Applying machine learning models and simulation for the prediction of medal winners in the XIX World Athletics Championships.
From August 19 to 27, Budapest will not only be the capital of Hungary but also the world capital of athletics. The main Magyar city will host the XIX World Athletics Championships on those dates. The National Athletics Center in Budapest will host the 49 events scheduled for this edition: 24 women's events, 24 men's events and one mixed event.
The athletics family and the fans of the king of sports will follow up on these days the athletes of their countries, their favorite athletes or the events that most interest them.
Being able to know the group of athletes that can lead each of the championship tests is a valuable tool for all interested in the great event.
To this end, monitoring the main athletes in each of the World Championship events, SYALIA, with the collaboration of the Artificial Intelligence Group of the Faculty of Mathematics and Computer Science of the University of Havana and from Postdata.club, has developed a minimal guide with the prediction of the results of all the events of the appointment.
For this, all the marks and times of all the athletes and teams that will participate in the World Cup have been used. With these data, prediction models based on Artificial Intelligence and Data Science techniques were developed, which yielded the results that we present today in this guide.
We hope this is a perfect complement to better enjoy the XIX World Athletics Championship - Budapest'2023.
Subscribe to our newsletter today and receive a link to download this report in your inbox.
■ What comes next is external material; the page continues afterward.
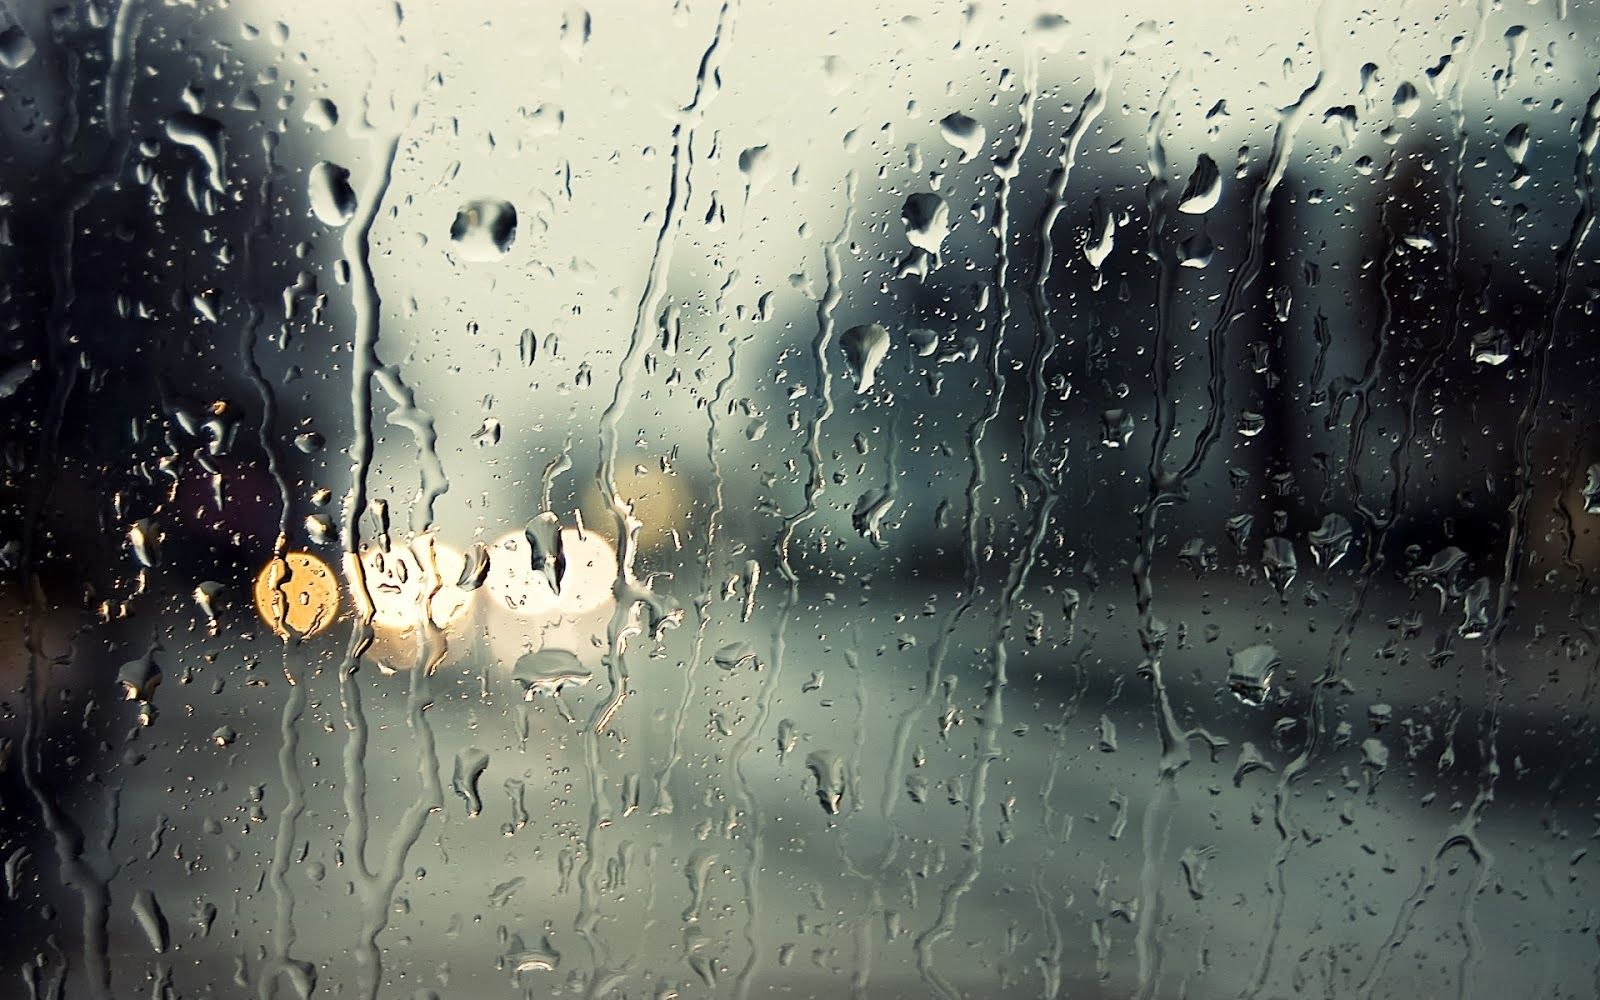 Hujan Gradasi Dengan Gambar

The predictions were made following a simulation-based approach. These allow obtaining a result for each of the events that are forecast. In the relay events, the simulation methodology was not used and only expert criteria were used based on the individual results of those who make up the relay as well as the performances of the relays in other important competitions (world championships, Olympics and relay championships).
The data relating to each of the athletes who will participate in the World Championships were extracted from the World Athletics website. From there, the information on the marks or times of the athletes in the competitions reported from the year 2021 to 2023 (until August 10) was obtained. Indoor competitions were taken into account for events where there is a relative level playing field (diving events and shot put).
Subsequently, a pre-processing work was carried out with the set of results of each athlete, in which the most recent marks are weighted. A linear weight defined as [4,2,1] was chosen, which means that marks made in 2023 will appear four times, those in 2022 will be repeated twice in the set, and those in 2021 will only appear once.
In this way, the fewer marks an athlete has, the greater the resulting value of each mark will be (for events where the goal is to maximize the value of the mark, $\alpha$ is taken as negative). Consequently, this makes athletes with more marks have better results (which can be interpreted as an experience factor).
To estimate the marks that the athletes will make in each event, a Kernel Distribution Estimation (KDE) model is used. This model, for which a different one is made for every athlete, allows estimating the probability density function of the marks or times of each athlete.
Subsequently, at least 10,000 simulations were carried out for each of the events and a forecast is obtained based on the most repeated values. That is, to select the order of the participants in the competition, the mode of the places in which each athlete finished is calculated. The athlete who repeats the first place the most is selected, then the one who repeats the second place the most without being the first and so on.